I am aware of how async await works.
You are not.
I know that when execution reaches to await, it release the thread
It does not. When execution reaches an await, the awaitable operand is evaluated, and then it is checked to see if the operation is complete. If it is not, then the remainder of the method is signed up as the continuation of the awaitable, and a task representing the work of the current method is returned to the caller.
None of that is "releasing the thread". Rather, control returns to the caller, and the caller keeps executing on the current thread. Of course, if the current caller was the only thing on this thread, then the thread is done. But there is no requirement that an async method be the only call on a thread!
after IO completes
An awaitable need not be an IO operation, but let's suppose that it is.
it fetches thread from threadpool and run the remaining code.
No. It schedules the remaining code to run on the correct context. That context might be a threadpool thread. It might be the UI thread. It might be the current thread. It might be any number of things.
Should we use async methods for the very fast IO method, like cache read/write method?
The awaitable is evaluated. If the awaitable knows that it can complete the operation in a reasonable amount of time then it is perfectly within its rights to do the operation and return a completed task. In which case there is no penalty; you're just checking a boolean to see if the task is completed.
Would not they result into unnecessarily context switch.
Not necessarily.
If we use sync method, execution will complete on same thread and context switch may not happen.
I am confused as to why you think a context switch happens on an IO operation. IO operations run on hardware, below the level of OS threads. There's no thread sitting there servicing IO tasks.
Does Async-await saves only memory consumption(by creating lesser threads)
The purpose of await is to (1) make more efficient use of expensive worker threads by allowing workflows to become more asynchronous, and thereby freeing up threads to do work while waiting for high-latency results, and (2) to make the source code for asynchronous workflows resemble the source code for synchronous workflows.
As far as I know, in case of sync IO, while IO takes place, thread goes into sleep mode. That means it does not consume cpu. Is this understanding correct?
Sure but you have this completely backwards. YOU WANT TO CONSUME CPU. You want to be consuming as much CPU as possible all the time! The CPU is doing work on behalf of the user and if it is idle then its not getting its work done as fast as it could. Don't hire a worker and then pay them to sleep! Hire a worker, and as soon as they are blocked on a high-latency task, put them to work doing something else so the CPU stays as hot as possible all the time. The owner of that machine paid good money for that CPU; it should be running at 100% all the time that there is work to be done!
So let's come back to your fundamental question:
Does async await increases Context switching
I know a great way to find out. Write a program using await, write another one without, run them both, and measure the number of context switches per second. Then you'll know.
But I don't see why context switches per second is a relevant metric. Let's consider two banks with lots of customers and lots of employees. At bank #1 the employees work on one task until it is complete; they never switch context. If an employee is blocked on waiting for a result from another, they go to sleep. At bank #2, employees switch from one task to another when they are blocked, and are constantly servicing customer requests. Which bank do you think has faster customer service?

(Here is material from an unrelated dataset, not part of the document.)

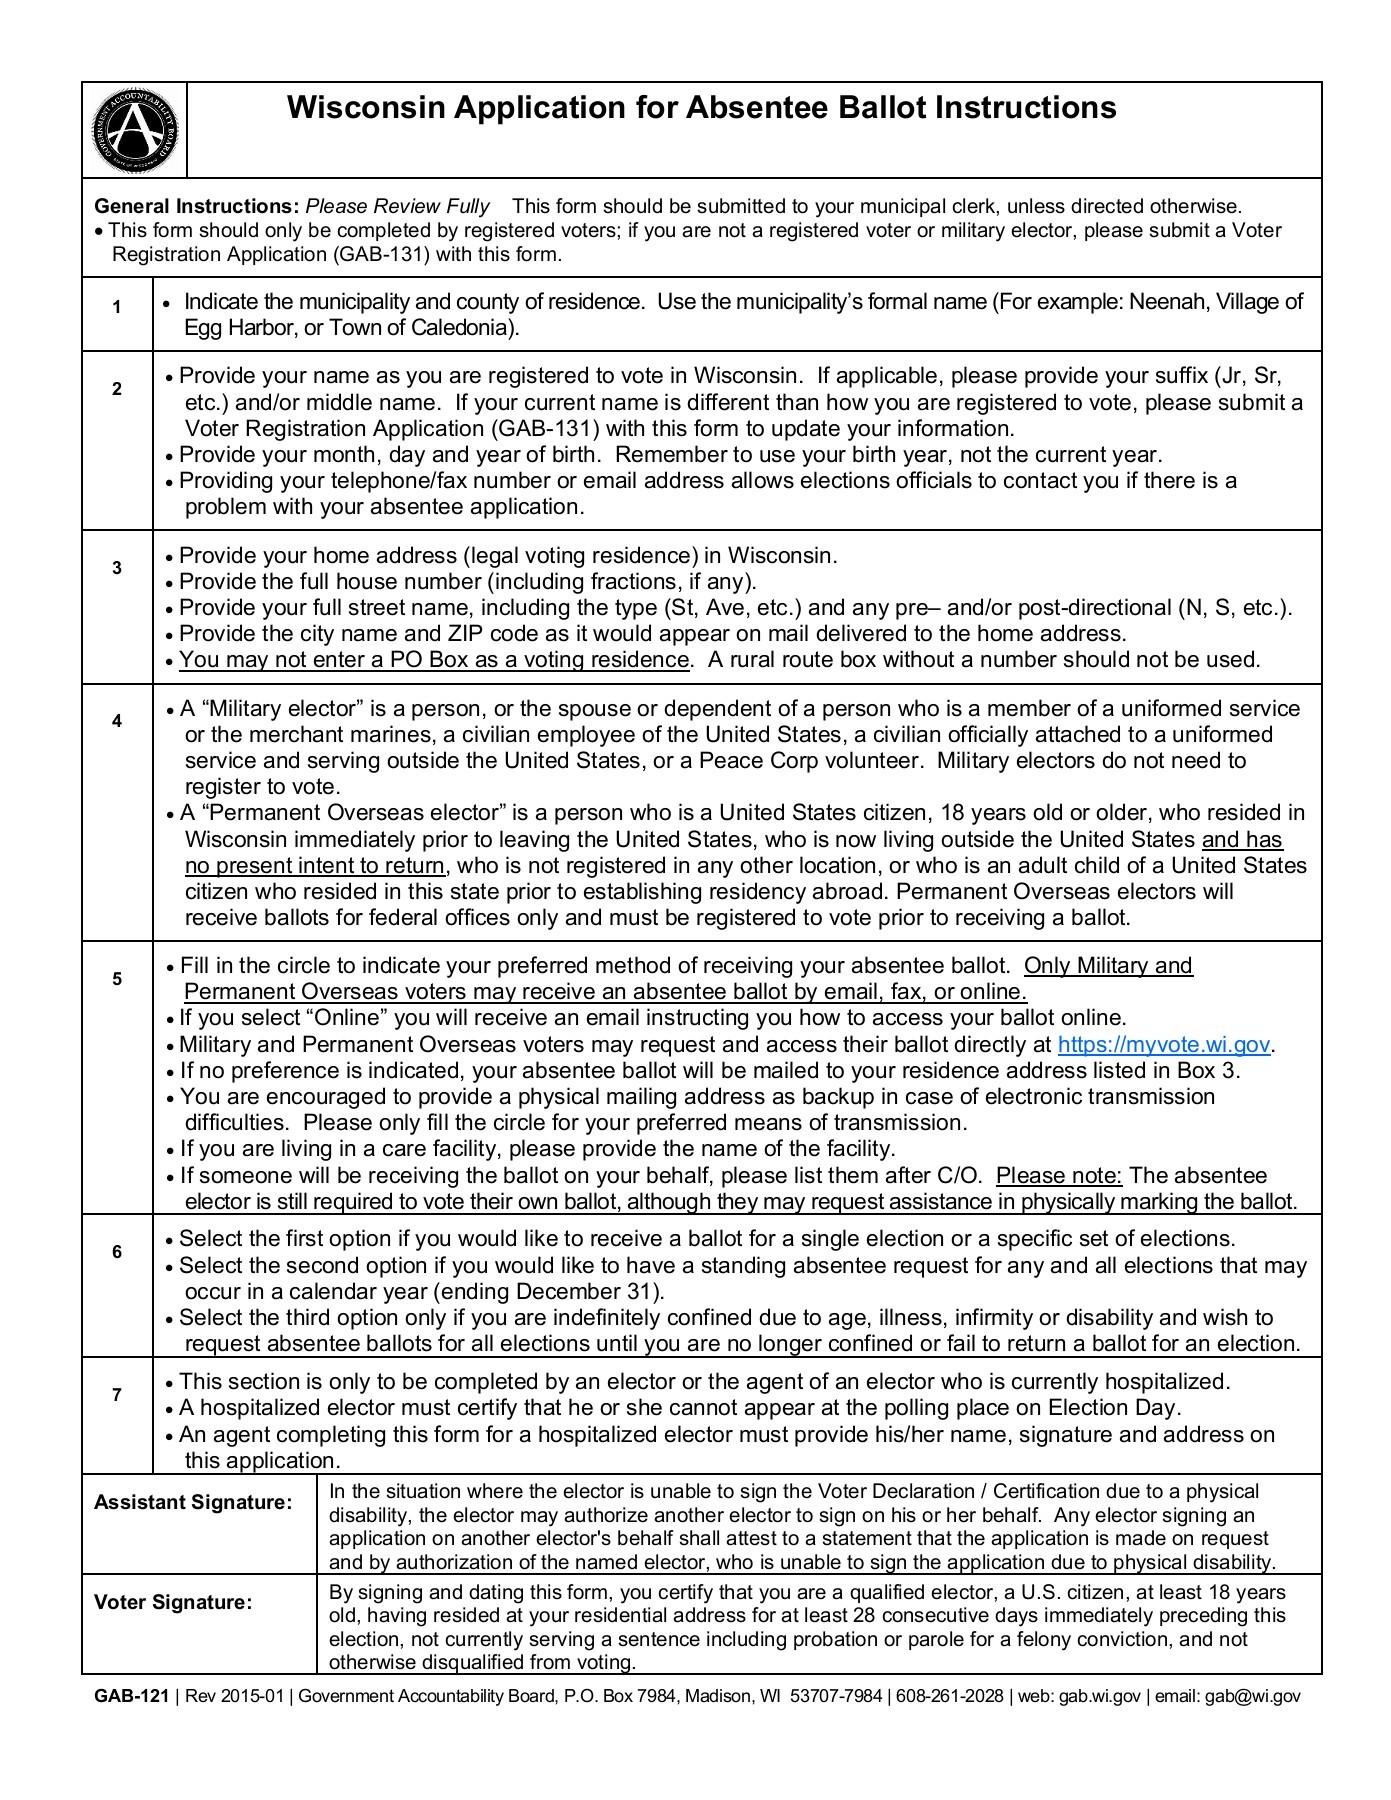 wisconsin application for absentee ballot gab 121

Should we use async methods for the very fast IO method, like cache read/write method?
Such an IO would not block in the classical sense. "Blocking" is a loosely defined term. Normally it means that the CPU must wait for the hardware.
This type of IO is purely CPU work and there are no context switches. This would typically happen if the app reads a file or socket slower than data can be provided. Here, async IO does not help performance at all. I'm not even sure it would be suitable to unblock the UI thread since all tasks might complete synchronously.
Or it also saves cpu as well?
It generally increases CPU usage in real-world loads. This is because the async machinery adds processing, allocations and synchronization. Also, we need to transition to kernel mode two times instead of once (first to initiate the IO, then to dequeue the IO completion notification).
Typical workloads run with <<100% CPU. A production server with >60% CPU would worry me since there is no margin for error. In such cases the thread pool work queues are almost always empty. Therefore, there are no context switching savings caused by processing multiple IO completions on one context switch.
That's why CPU usage generally increases (slightly), except if the machine is very high on CPU load and the work queues are often capable of delivering a new item immediately.
On the server async IO is mainly useful for saving threads. If you have ample threads available you will realize zero or negative gains. In particular any single IO will not become one bit faster.
That means it does not consume cpu.
It would be a waste to leave the CPU unavailable while an IO is in progress. To the kernel an IO is just a data structure. While it's in progress there is no CPU work to be done.
An anonymous person said:
For IO-bound tasks there may not be a major performance advantage to using separate threads just to wait for a result.
Pushing the same work to a different thread certainly does not help with throughput. This is added work, not reduced work. It's a shell game. (And async IO does not use a thread while it's running so all of this is based on a false assumption.)
A simple way to convince yourself that async IO generally costs more CPU than sync IO is to run a simple TCP ping/pong benchmark sync and async. Sync is faster. This is kind of an artificial load so it's just a hint at what's going on and not a comprehensive measurement.

Related

Should I use async/await in my controller?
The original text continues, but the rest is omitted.